À la fin du conflit civil, Prats officie au sein d’une station locale de Radio National à Malaga. Il commente entre autres, les corridas et quelques rencontres de football. Au fil des retransmissions, son style s’affirme. Il décrit avec minutie ce qu’il perçoit chez les différents acteurs du jeu. En 1945, la capitale le rappelle. Prats gravit les échelons et prend en main le domaine de la production. Il fréquente aussi l’école du journalisme et obtient son diplôme de journaliste. Néanmoins, si Prats est doué pour l’écriture, c’est pour sa voix qu’il est nommé responsable pour les radiodiffusions à Radio nationale et continue à commenter des manifestations sportives.
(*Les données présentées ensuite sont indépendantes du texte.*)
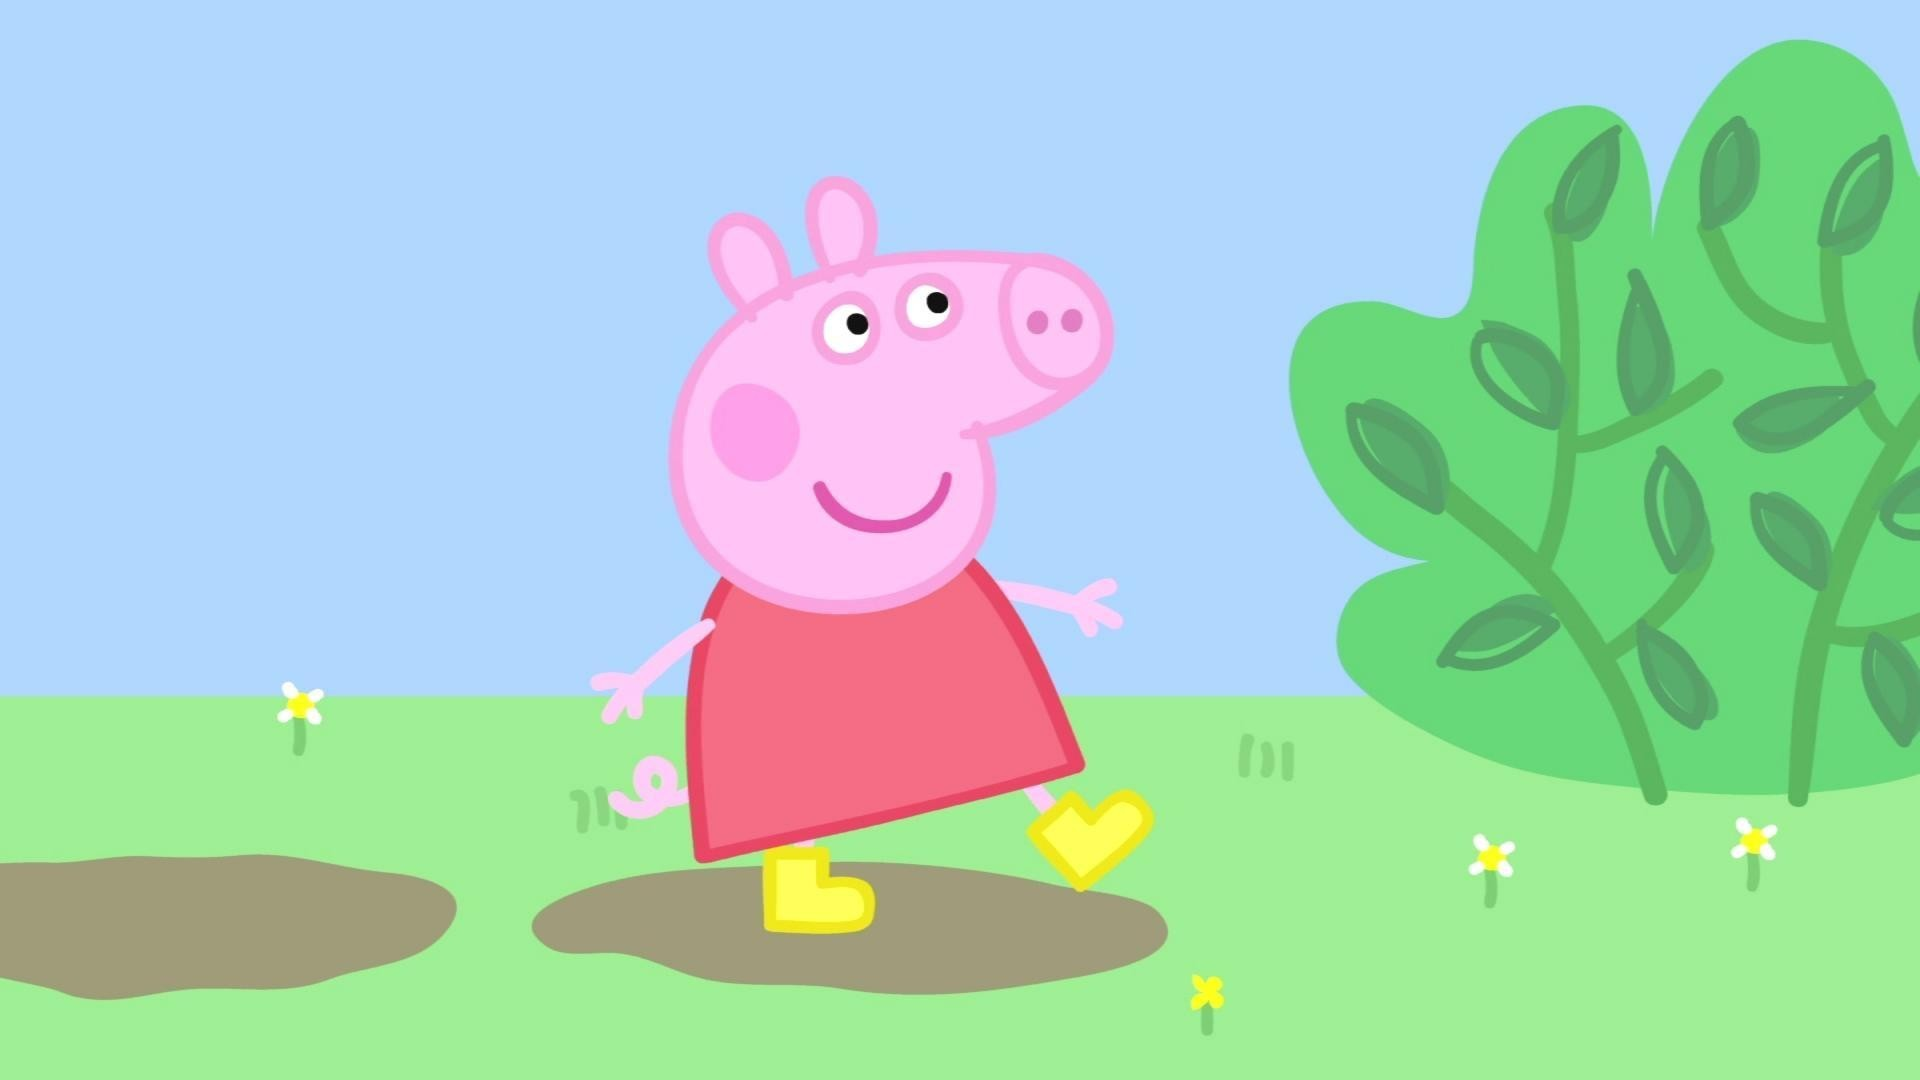 Peppa Pig HD Wallpaper 90 images

Il interviewe le toréador Manolete juste avant sa fin brutale.

Innovateur

À la pointe de l’innovation, Prats organise les week-ends football avec la retransmission de toutes les rencontres de la Liga avec le concours de divers reporters locaux sur Radio National. Parfois, intrigué par le déroulement d’une partie il quittait sa place bien trop confortable en tribune de presse pour s’asseoir au bord de la touche pour mieux s’imprégner de ce qu’il décrivait.

Soupçons

Avec l’avènement des retransmissions par le petit écran de l’ensemble des matches de Coupe d’Europe disputé par les clubs espagnols, Prats occupe à ce moment précis selon certains, une place centrale dans le dispositif qui vise à faire du football une sorte d’opium pour le peuple ibérique sous contrôle du régime franquiste. Cette litanie répétée sans cesse par des journalistes, universitaires et historiens libres tient en fait d’une ignorance voulue.
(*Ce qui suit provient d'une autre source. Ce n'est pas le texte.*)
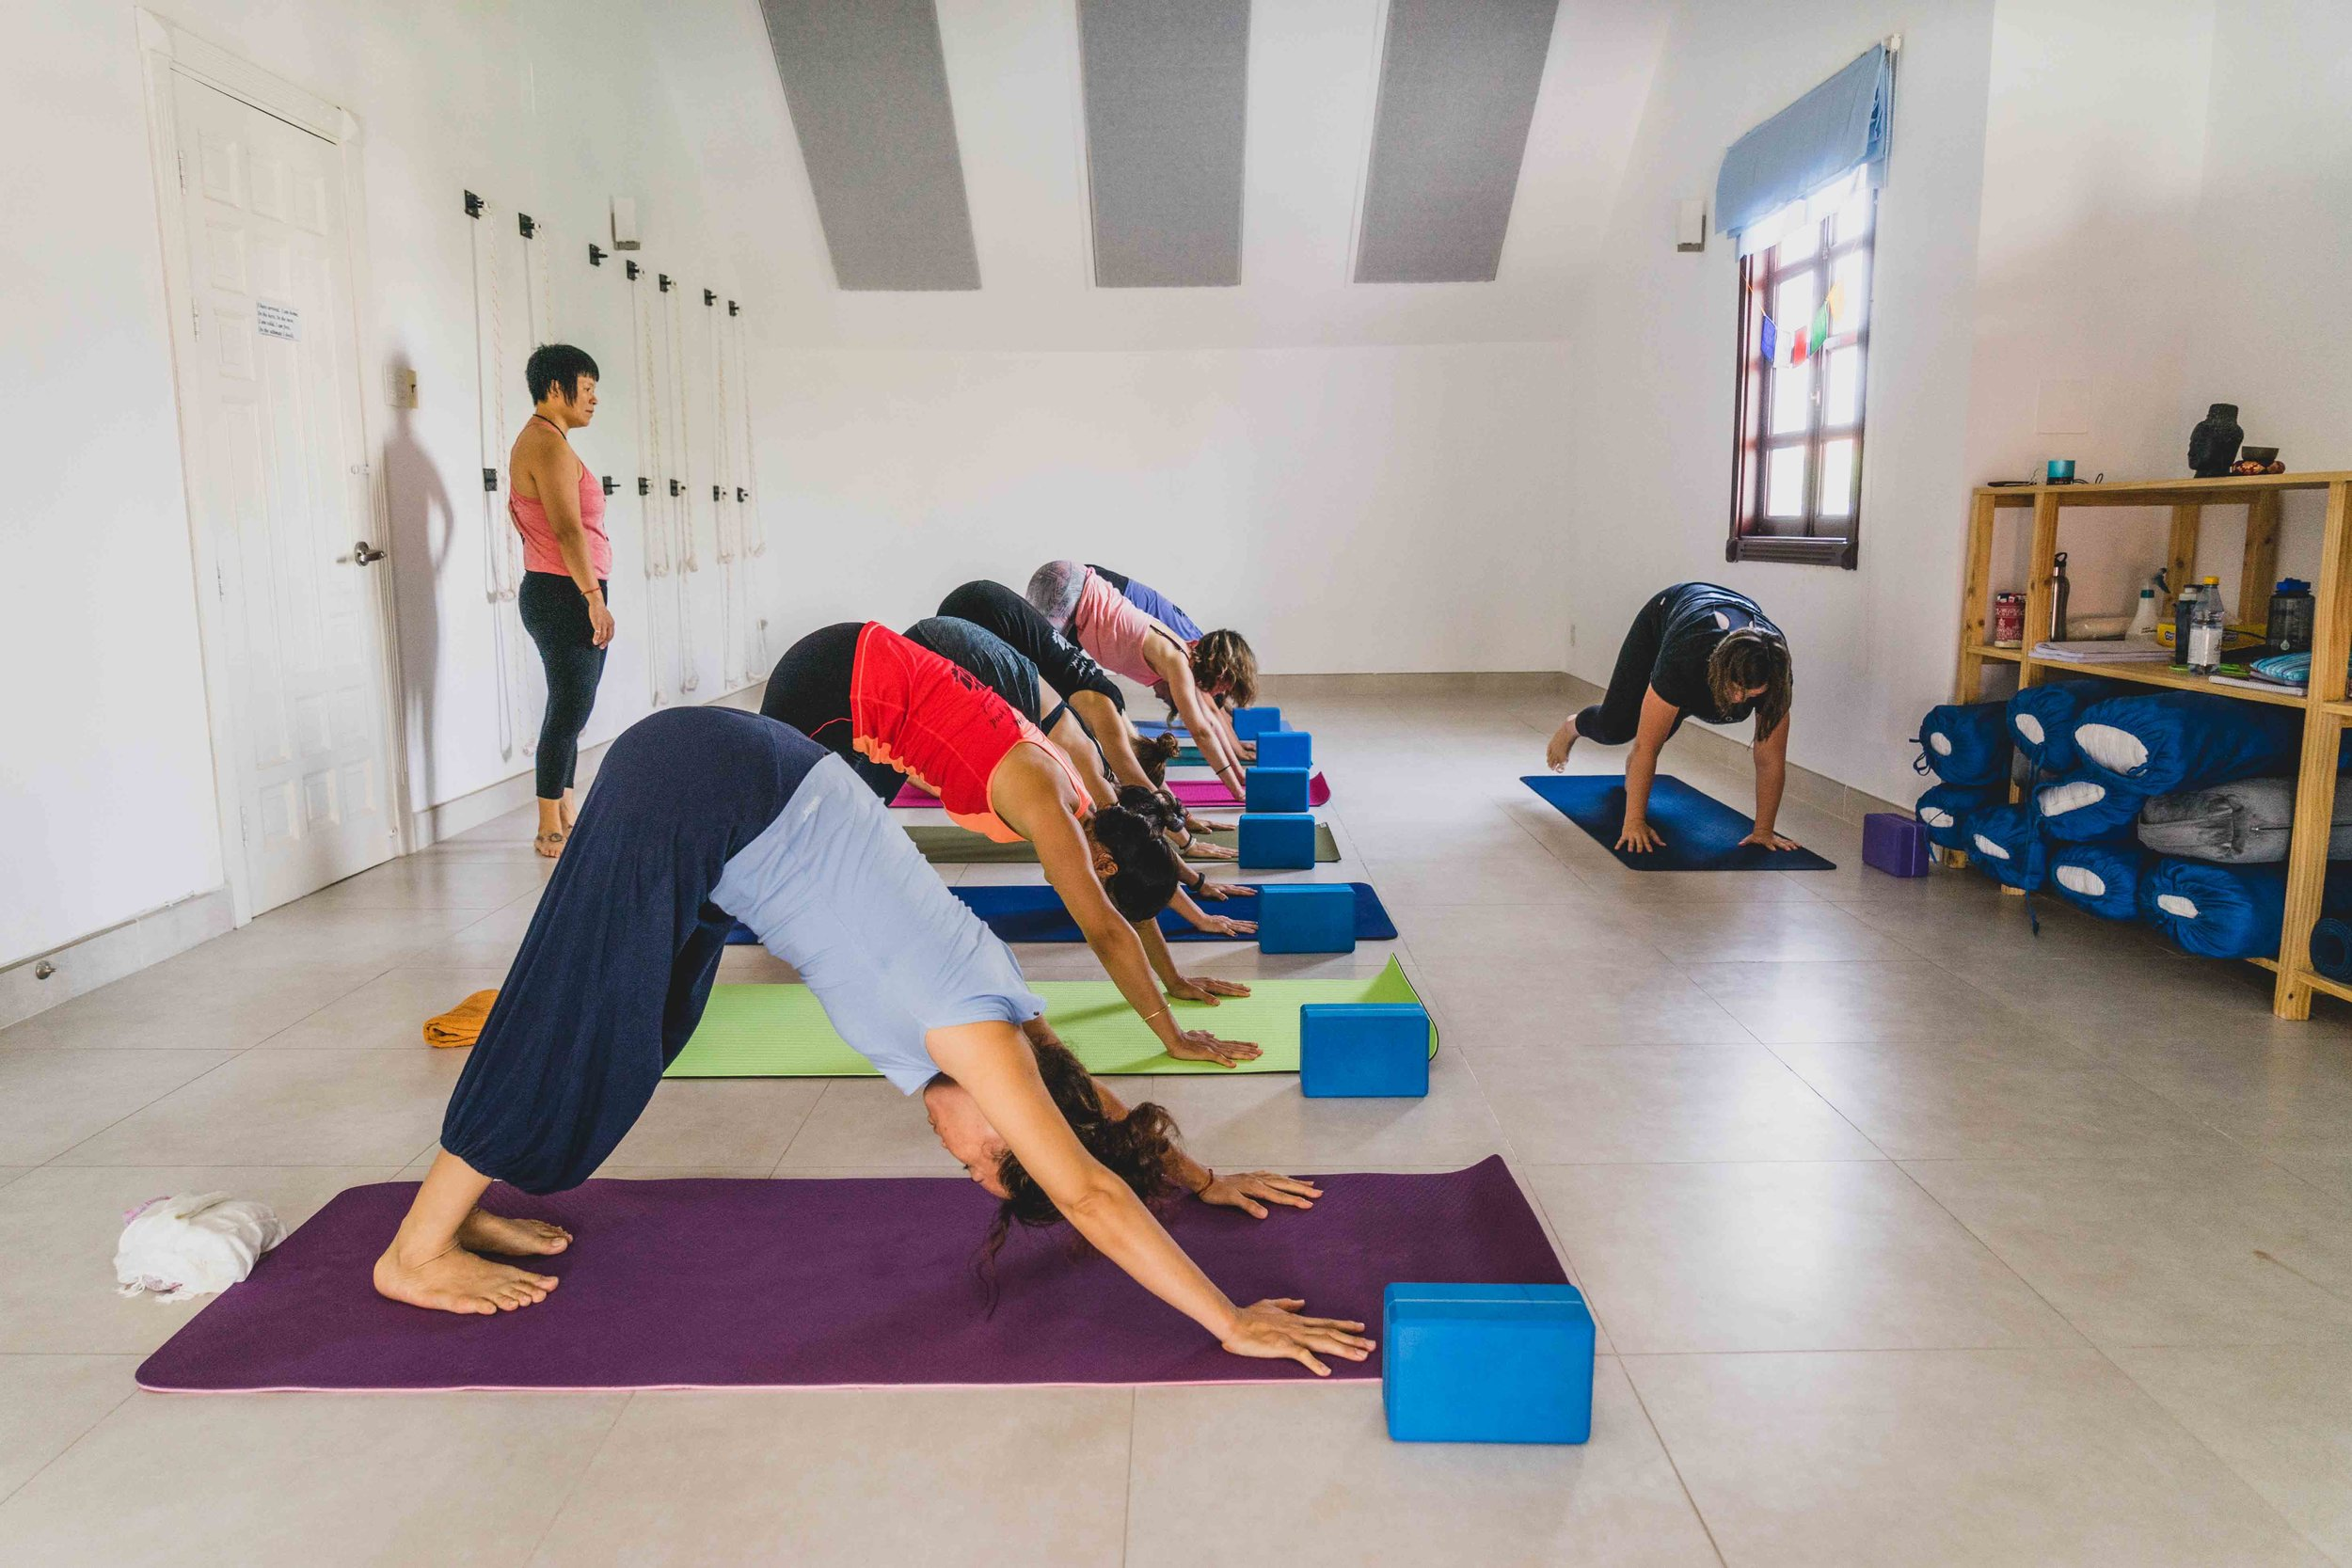 200-hour-yoga-teacher-training-kingston-ontario-canada

Le régime n’eut aucun effort à produire pour exploiter la rente footballistique à son profit. Le jeu était déjà amplement populaire avant l’apparition de la télévision, la matrice franquiste s’est simplement bornée à accompagner le phénomène football dans sa croissance.

Pionner infatigable

Durant les années soixante, Prats lance divers programmes consacrés au football et à l’ensemble du sport. Avec un pays en pleine croissance, le téléviseur devient peu à peu un objet familier dans les foyers aisés et populaires, même si les bars et restaurants ne désemplissent pas lors des retransmissions de rencontres importantes. La mort du General Franco ne change rien au statut de Prats.

Hors cadre

La mort du General Franco ne change rien au statut de celui qui est la voix du football et de la tauromachie. Prats était apprécié du grand public, peu importe le pedigree de ce dernier sur le plan politique et social. Matías Prats Cañete s’est efforcé à faire preuve d’un grand professionnalisme durant toute sa carrière derrière son micro. Prats n’a jamais été perçu par le grand public comme un symbole parmi d’autre du Movimiento et ne sait jamais sentit investit d’être un éducateur des masses. Dresseur d’otaries, n’étais pas son fort. Depuis, d’autres se sont chargés de la chose.

Distance et distorsion

Durant toute ses années de pratique, Prats s’est contenté de décrire ce qu’il voyait, ce qu’il ressentait au contact des terrains de jeu, sans pour autant faire la promotion d’un club, d’une direction, de joueurs par rapport à d’autre. On aimerait bien voir la même chose de nos jours. La distance.

Pourtant, Prats ne s’est jamais caché de l’admiration qu’il éprouvait pour Alfredo Di Stefano, le meilleur joueur vu sur les terrains de football. Une position qu’il faut un brin nuancée, Prats couvrait la presque totalité des rencontres disputées par le Madrid et l’Atletico de Madrid en coupe d’Europe et en Liga pour les rencontres disputées dans la capitale.

C’est au milieu des années quatre-vingt que Matias Prats Cañete abandonne son micro. Il disparaît en 2004 à l’âge de 91 ans.